To do: Beginning at the line that holds "ácido,cara,gato,sir thomas", repeat every line through the last line of the material, exactly, and drop any pictures.

Supplied data:
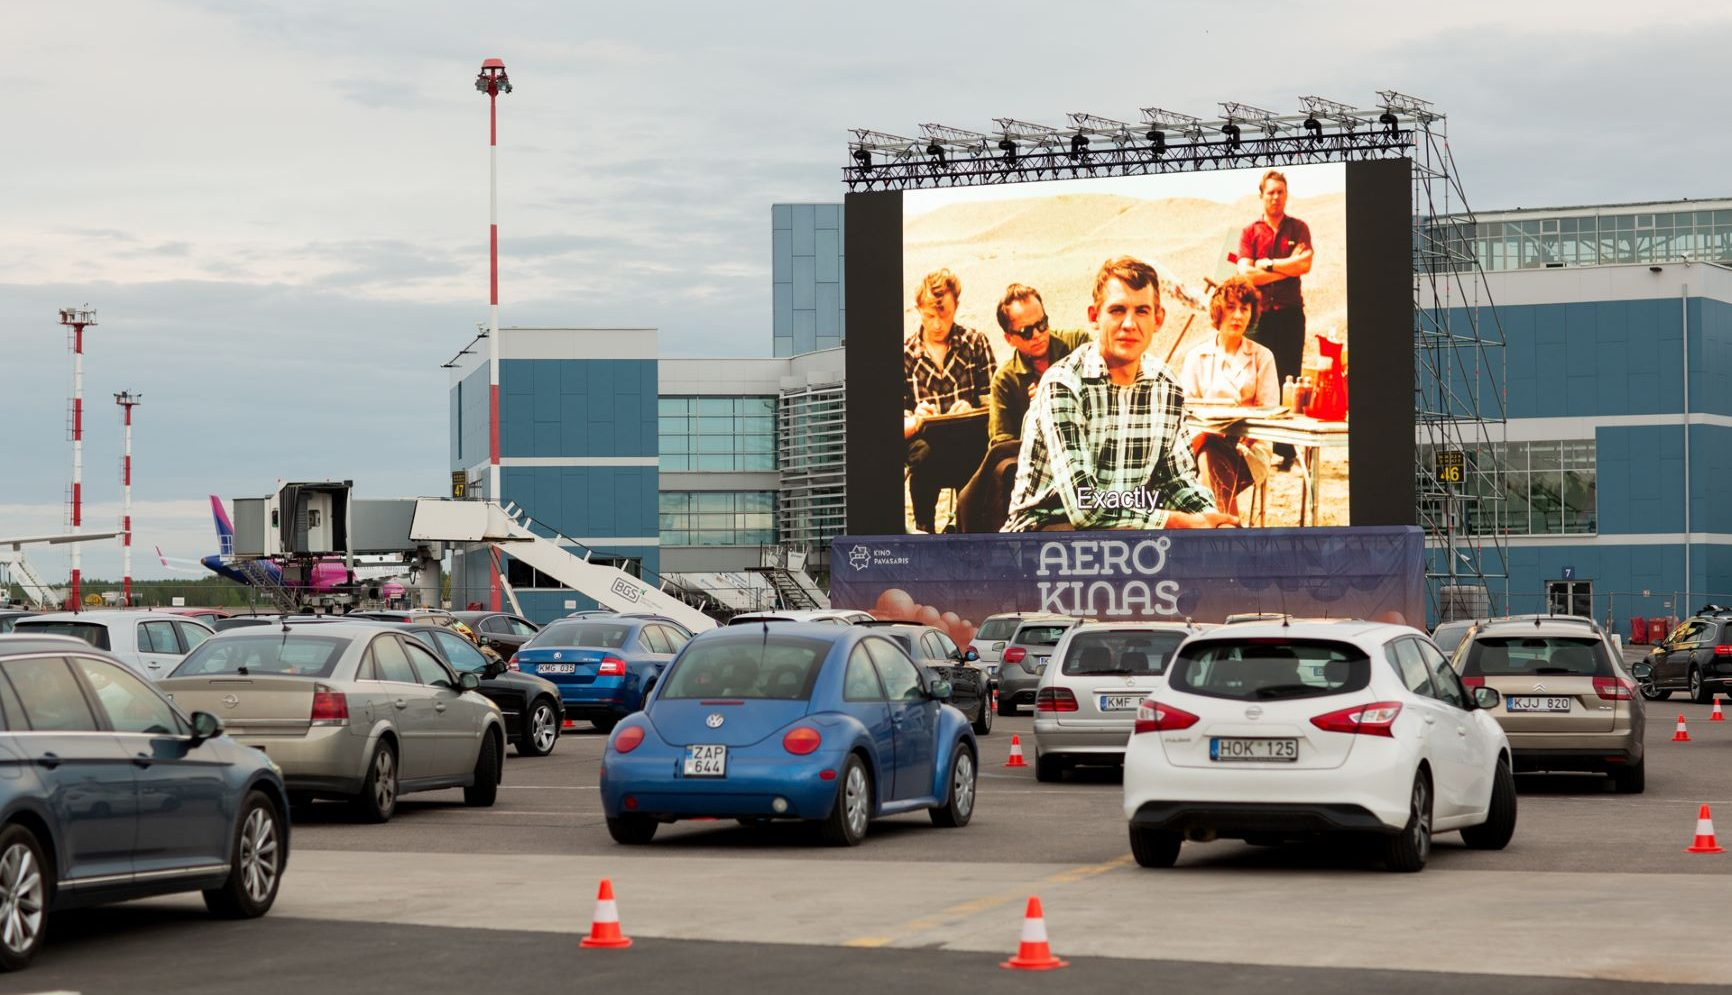 Kultūros ministras inicijavo bendrą kreipimąsi į EK dėl kino festivalių finansavimo
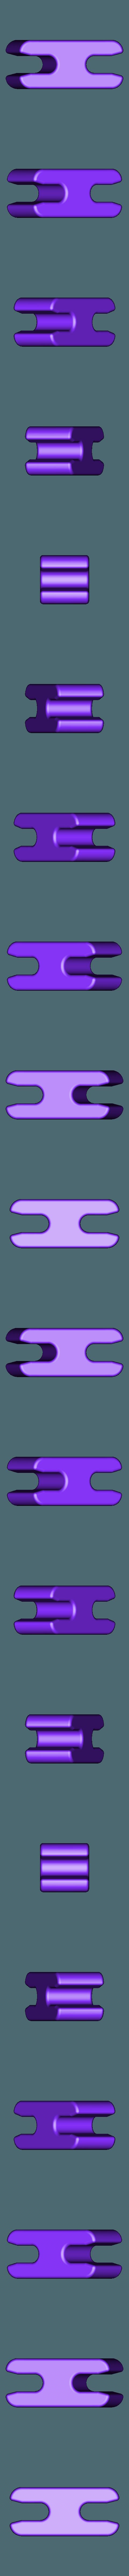 E232b8e3 d668 4862 a47c 3e07cd1b4192
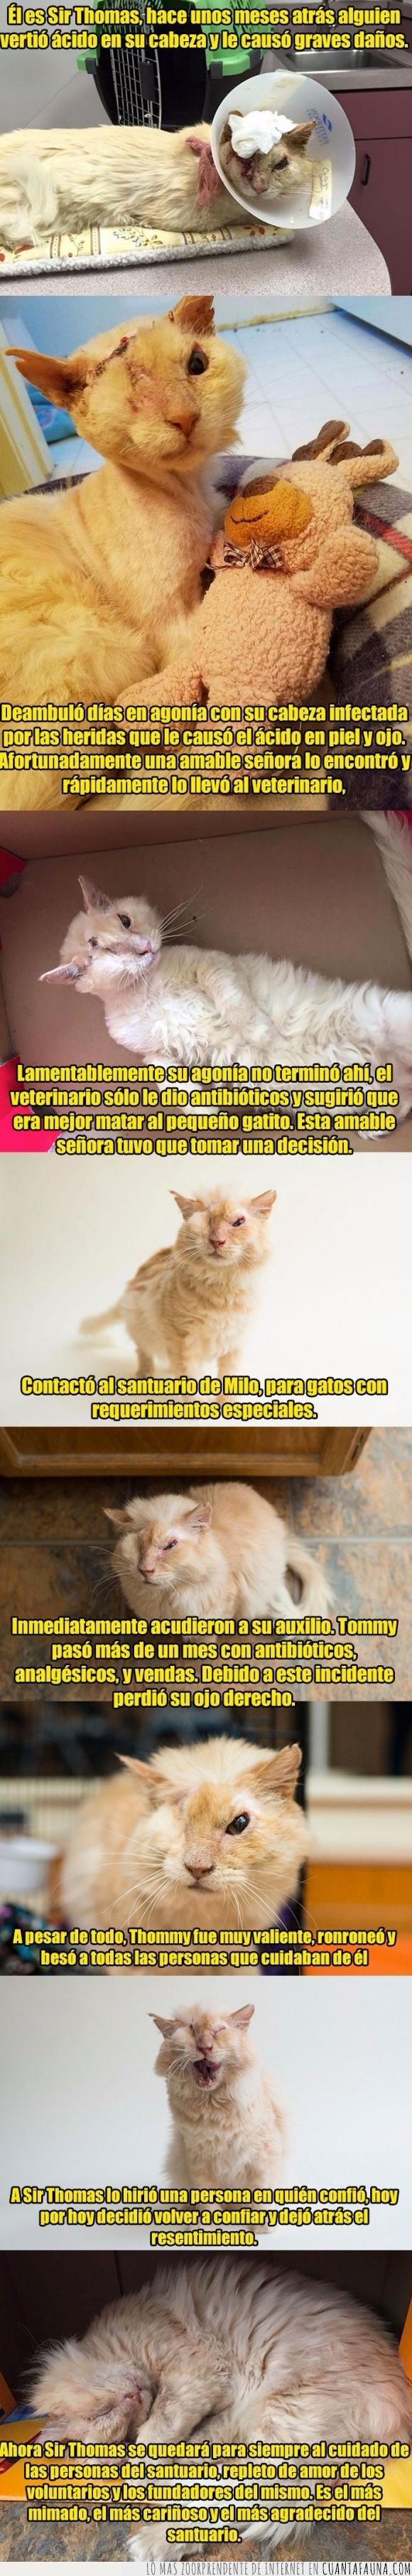 ácido,cara,gato,sir thomas
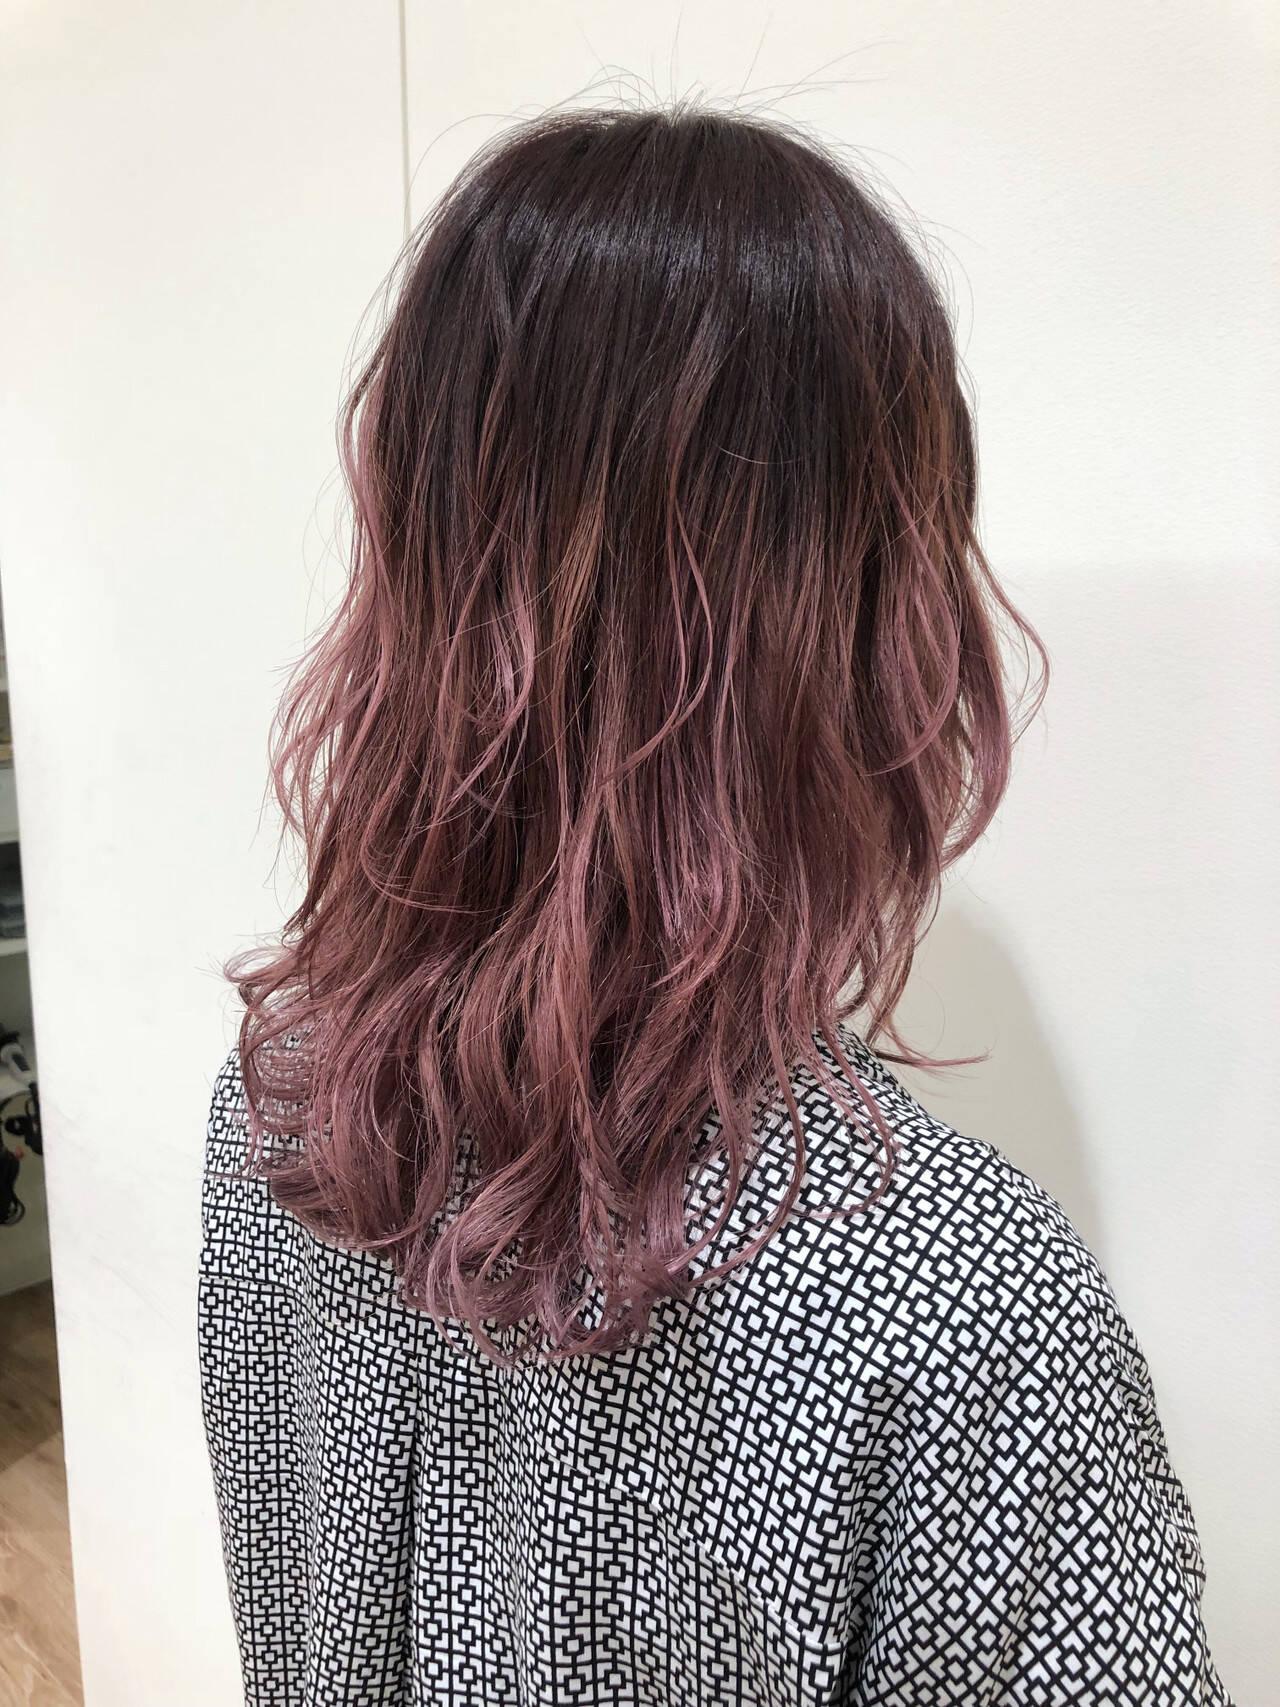 ピンク ブリーチオンカラー 透明感 ブリーチヘアスタイルや髪型の写真・画像

Problem solution:
 ácido,cara,gato,sir thomas
 ピンク ブリーチオンカラー 透明感 ブリーチヘアスタイルや髪型の写真・画像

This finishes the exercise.